F1 Score as metric


#21

Didn’t have time to check that issue yet, so I’m not sure.


(Azarudeen) #22

@wyquek I tried to use Fbeta_binary. I got below error.

NameError: name ‘clas’ is not defined


(魏璎珞) #23

try this

@dataclass
class Fbeta_binary(Callback):
    "Computes the fbeta between preds and targets for single-label classification"
    beta2: int = 2
    eps: float = 1e-9
    clas:int=1
    
    def on_epoch_begin(self, **kwargs):
        self.TP = 0
        self.total_y_pred = 0   
        self.total_y_true = 0
    
    def on_batch_end(self, last_output, last_target, **kwargs):
        y_pred = last_output.argmax(dim=1)
        y_true = last_target.float()
        
        self.TP += ((y_pred==self.clas) * (y_true==self.clas)).float().sum()
        self.total_y_pred += (y_pred==self.clas).float().sum()
        self.total_y_true += (y_true==self.clas).float().sum()
    
    def on_epoch_end(self, **kwargs):
        beta2=self.beta2**2
        prec = self.TP/(self.total_y_pred+self.eps)
        rec = self.TP/(self.total_y_true+self.eps)       
        res = (prec*rec)/(prec*beta2+rec+self.eps)*(1+beta2)
        self.metric = res 

If you want F1 for label 1

learn = text_classifier_learner(data_clas, drop_mult=0.5)
learn.load_encoder('fine_tuned_enc')
learn.metrics=[accuracy, Fbeta_binary(beta2=1,clas = 1)]

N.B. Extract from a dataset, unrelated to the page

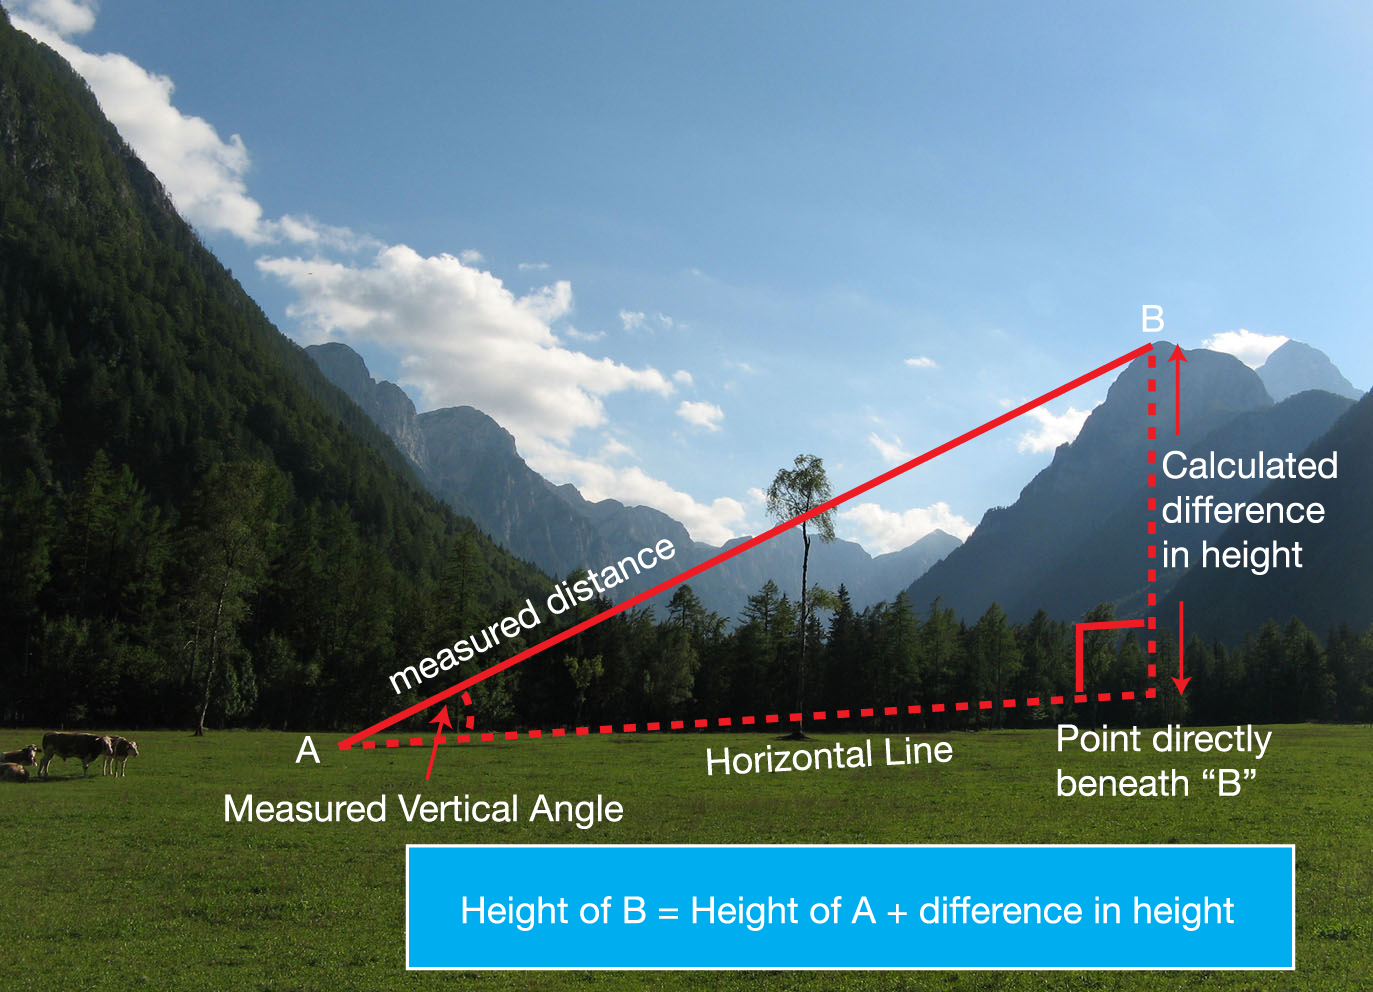 Image of mountains with a diagram overlaid explaining how to measure difference in height by vertical angles

OR if you want F1 for label 0

learn = text_classifier_learner(data_clas, drop_mult=0.5)
learn.load_encoder('fine_tuned_enc')
learn.metrics=[accuracy, Fbeta_binary(beta2=1,clas = 0)]

OR if you want F1 for both label 1 and label 0

learn = text_classifier_learner(data_clas, drop_mult=0.5)
learn.load_encoder('fine_tuned_enc')
f1_label1 = Fbeta_binary(1,clas = 0)
f1_label0 = Fbeta_binary(1,clas = 1)
learn.metrics=[accuracy, f1_label1,f1_label0]

Here’s a notebook example.

I think there are lots of metrics such as these mentioned in this PR that forummers can help fastai build, but they most probably have to be written as callbacks


(Azarudeen) #24

It worked. Thank you so much :slight_smile:


(Nikhil Utane) #25

Basic question, how does loss minimization happen in case of multiple metrics?
I am working on a text classification problem which is showing high accuracy but not predicting correctly when I am inferring?
I am doubting it is because I am using accuracy (default) as a metric. Now changed to fbeta_binary and checking.


(魏璎珞) #26

My understanding is that minimizing loss will lead to better metric but up to a point, and beyond that the particular metric would start to get worse as the NN overfits. So it’s possible that, for metric F1, the over-fitting would start at, say, epoch 25, while for another metric, accuracy, the overfitting would start at epoch 15. So you can’t train the NN such that both metrics are at their best, unless by coincidence. Most likely you would have to choose one.


(Nikhil Utane) #27

Is it just the no. of epochs and over-fitting? Coz it would then mean the training happens in exactly same way regardless of which metric is used.
My understanding is that if a different metric function is used then calculated loss will be different which would lead to a completely different path during training. Isn’t that the case?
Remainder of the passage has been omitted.